Myanmar: un país de guerra y té
Al noroeste de esta ex colonia británica habita la etnia Palaung. Su vida en las montañas transcurre entre el trabajo en pequeños cultivos y la vigilancia del ejército.
Por Pablo Peralta, desde Myanmar, para La tinta
Vas caminando por las calles de Yangón y lo que te sorprende no es la basura o el desorden, que no es poco. Lo que más llama la atención son las caras que te sonríen con sus coloretes amarillos. Infinidad de diseños, desde los círculos en ambas mejillas hasta complicadas figuras ornamentales en la frente y nariz. Es la tanaka, una máscara cosmética que protege del sol a birmanas y birmanos de todas las edades y clases sociales. Hecha con una pasta de madera mezclada con agua, la tanaka y sus sonrisas te dan la bienvenida a Myanmar.
Por la antigua Birmania, pasean sin prisa personas de piel oscura, cuyos rasgos son la combinación perfecta entre el sudeste asiático y la influencia india. Dos mundos distintos unidos por el puente birmano. Pero el país no es apenas una fusión de culturas. Los vestidos brillantes y coloridos que lucen las mujeres, las largas polleras cuadriculadas (longyi) que visten los hombres, la tinta roja pudriendo los dientes y manchando el asfalto, todo eso hace de Myanmar un lugar único.

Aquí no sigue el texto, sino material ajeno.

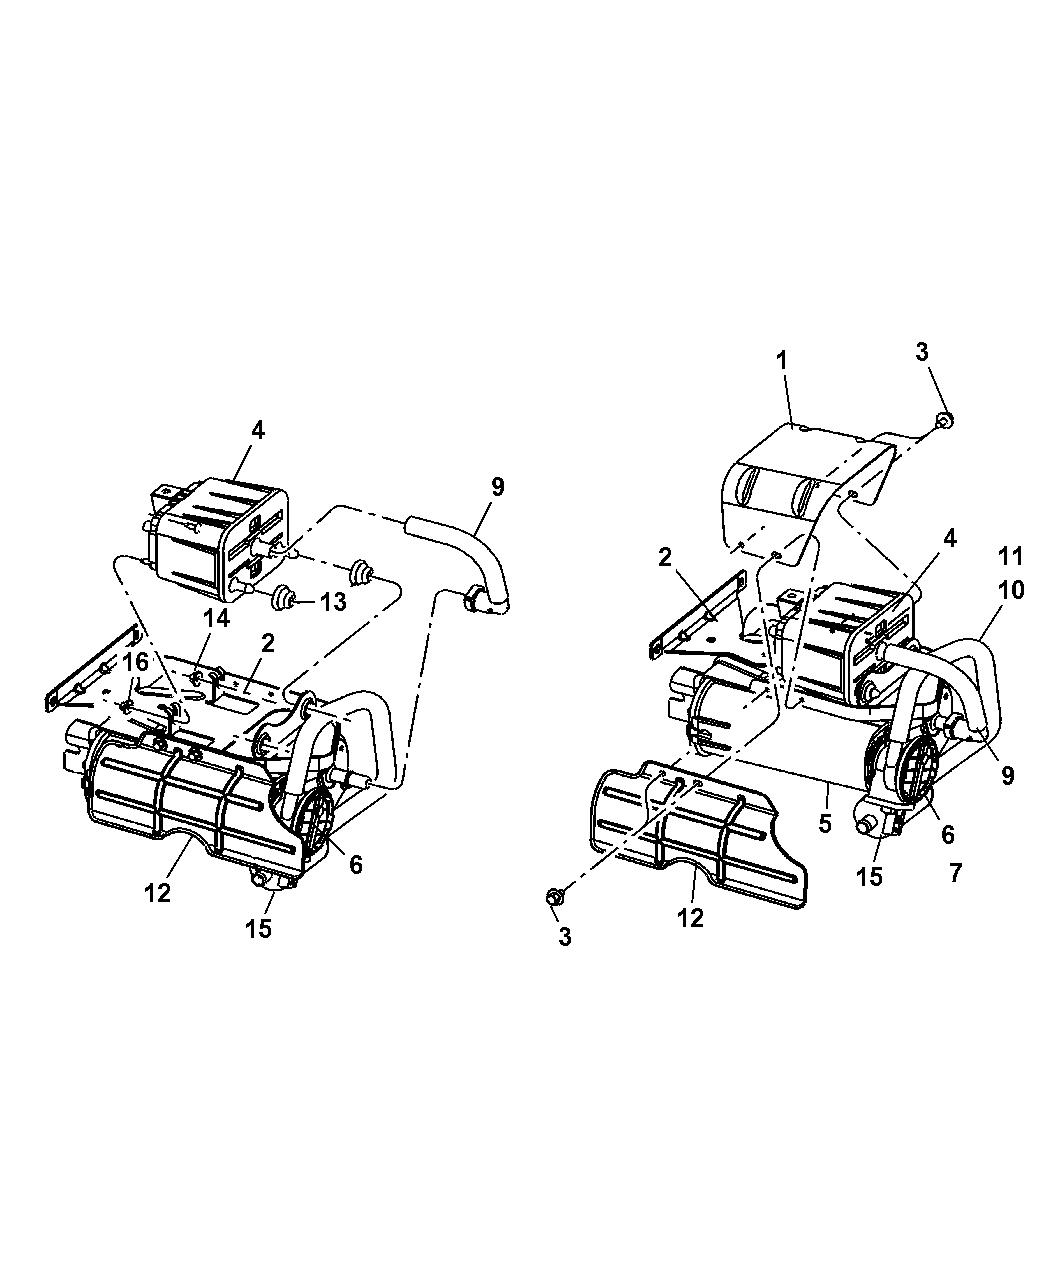 2000 Dodge Dakota Engine Diagram Dodge Ram 1500 Vacuum Diagram 2005

El país es una ex colonia británica que logró su independencia en 1948. El histórico -y actual- expolio de sus riquezas minerales lo transforman en un Estado atrasado y desigual, con uno de los peores Índice de Desarrollo Humano del mundo. Yangón es su puerta de entrada y brinda un panorama general de la situación del país. La ruidosa urbe está plagada de doradas pagodas, mercados y puestos callejeros de comida, así como ratas y niños trabajando en largas jornadas.
Al noreste de la segunda mayor ciudad, Mandalay, se encuentra un pueblo llamado Hsipaw. Fui allí atraído, en principio, por el viaje en tren, cuyas vías recorren las colinas verdes, arrozales y planicies de inmensas palmeras, antes de llegar al viaducto Goteik. El puente ferroviario es el segundo más alto del mundo y las vistas desde arriba te quitan el aliento. Viajé en tercera clase, rodeado de familias con sus bártulos, militares que iban a presentarse en sus cuarteles y muchachas que a cada rato me ofrecían comida. Habrán pensado que era un turista pobre, pues no estaba en upper class como el resto de occidentales.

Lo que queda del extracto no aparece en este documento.